- Born: 20 October 1935 Shebel, Shewa Province, Ethiopian Empire (now Shebel, Oromia Region, Ethiopia)
- Died: 4 July 2021 (aged 85) St. Paul's Hospital, Addis Ababa, Ethiopia
- Burial place: Holy Trinity Cathedral, Addis Ababa, Ethiopia
- Occupation: Humanitarian
- Years active: 1973–2021
- Organization: Abebech Gobena Charity

= Abebech Gobena =

Ethiopian humanitarian (1935–2021)

Abebech Gobena (Amharic: አበበች ጎበና; Afan Oromo: Abbabach Goobanaa; 20 October 1935 – 4 July 2021) was an Ethiopian humanitarian, and the founder and manager of AGOHELMA, now rebranded as Abebech Gobena Charity, one of the oldest orphanages in Ethiopia. She was often called the "Mother Teresa of Africa".

==Life and career==
Abebech was born on 20 October 1935, in a small rural village in Oromia Region, North shoa, called Shebel. Her father was killed during the Second Italo-Ethiopian War, so she was raised by her grandparents until the age of nine. At the age of 10, she was married without her consent, but she ran away to the capital, Addis Ababa. There, she managed to get basic education and later worked as a quality controller at a coffee and grain company.

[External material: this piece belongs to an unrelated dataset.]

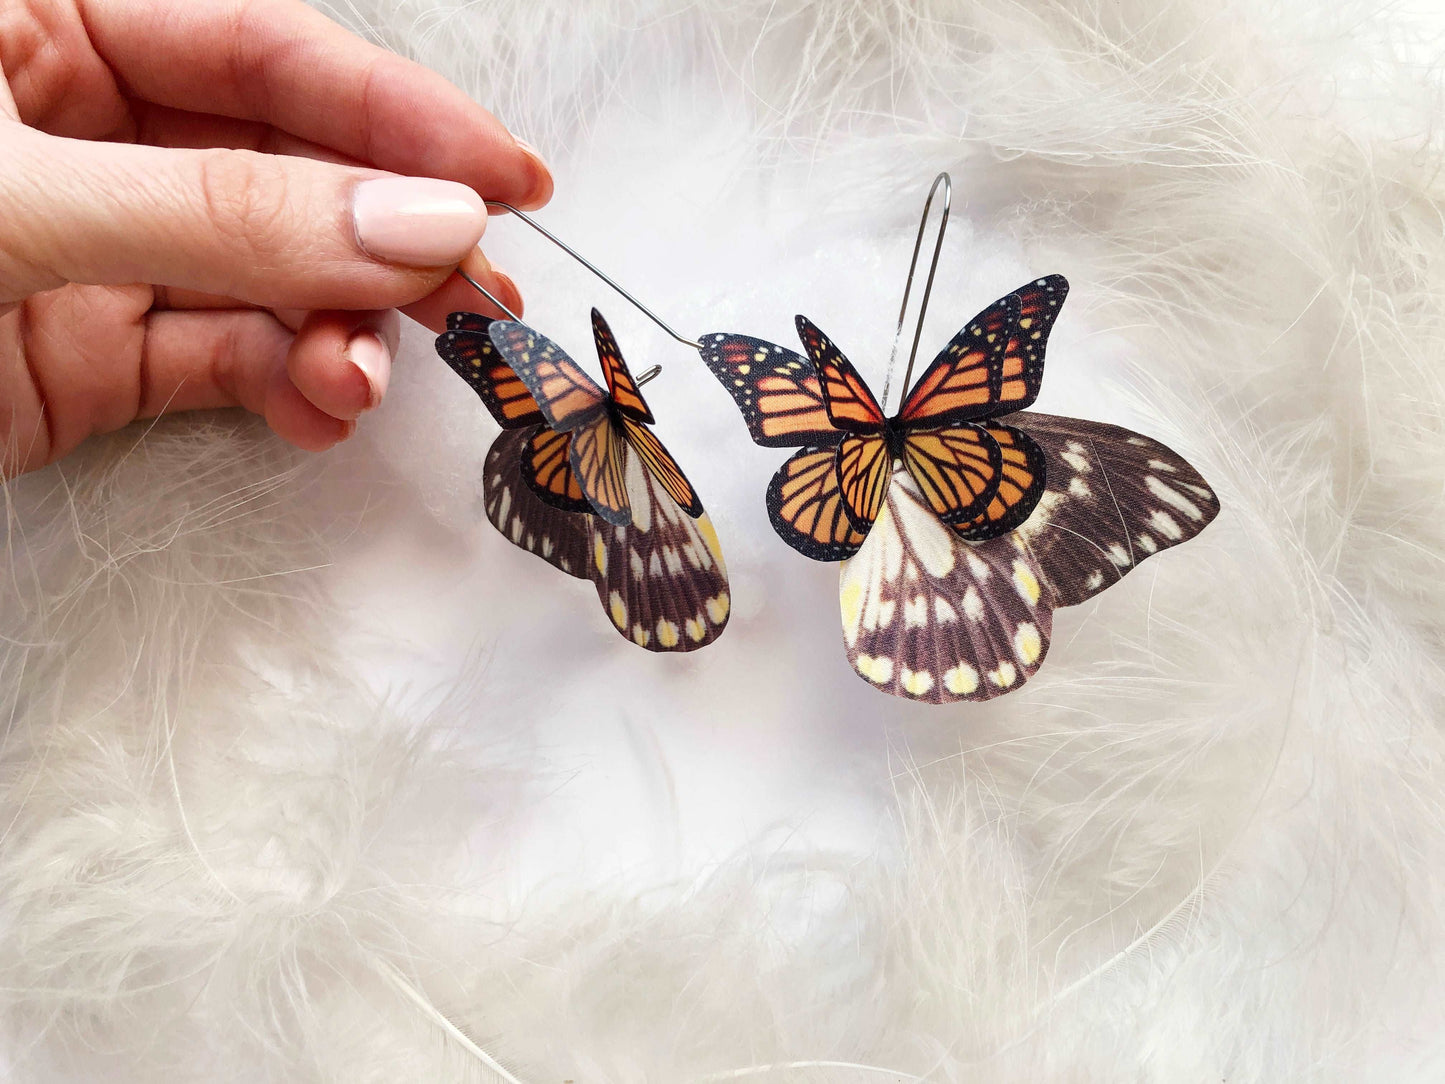 Bohemian butterfly earrings for a stylish statement

She went to Gishen Mariam, Wollo Province, for pilgrimage in 1973. At the time, the area was severely stricken by famine. In a feeding center, Gobena saw a child next to her dead mother. She distributed the only thing she had to other victims, a loaf of bread and five liters of holy water, and brought the child along with another orphan to her home in Addis Ababa. In one year, she brought 21 children to her home.

Abebech Gobena Yehetsanat Kebekebena limat Mahber (AGOHELMA) was founded by Abebech in 1980 and has become one of the earliest orphanages serving youth in the Ethiopia. AGOHELMA provides various services in addition to the orphanage itself, including formal and non-formal education, HIV/AIDS prevention activities, habitat improvement and infrastructure development, empowerment of women, among others. Additionally, it provides institutional care for 150 orphans. Since its establishment, over 12,000 needy children have been supported by the association with over 1.5 million people having benefited either directly or indirectly from the association in different regions of the country.

In June 2021, Abebech's health worsened from COVID-19 and she was hospitalized at St. Paul's Hospital in Addis Ababa. However, she died from the complications on 4 July 2021.
Her burial took place on 6 July at Holy Trinity Cathedral with government officials and mourners. Patriarch of the Ethiopian Orthodox Church Abune Matias, President of Oromia Region Shimelis Abdisa, Deputy Mayor of Addis Ababa Adanech Abebe and other public figures also attended the funeral.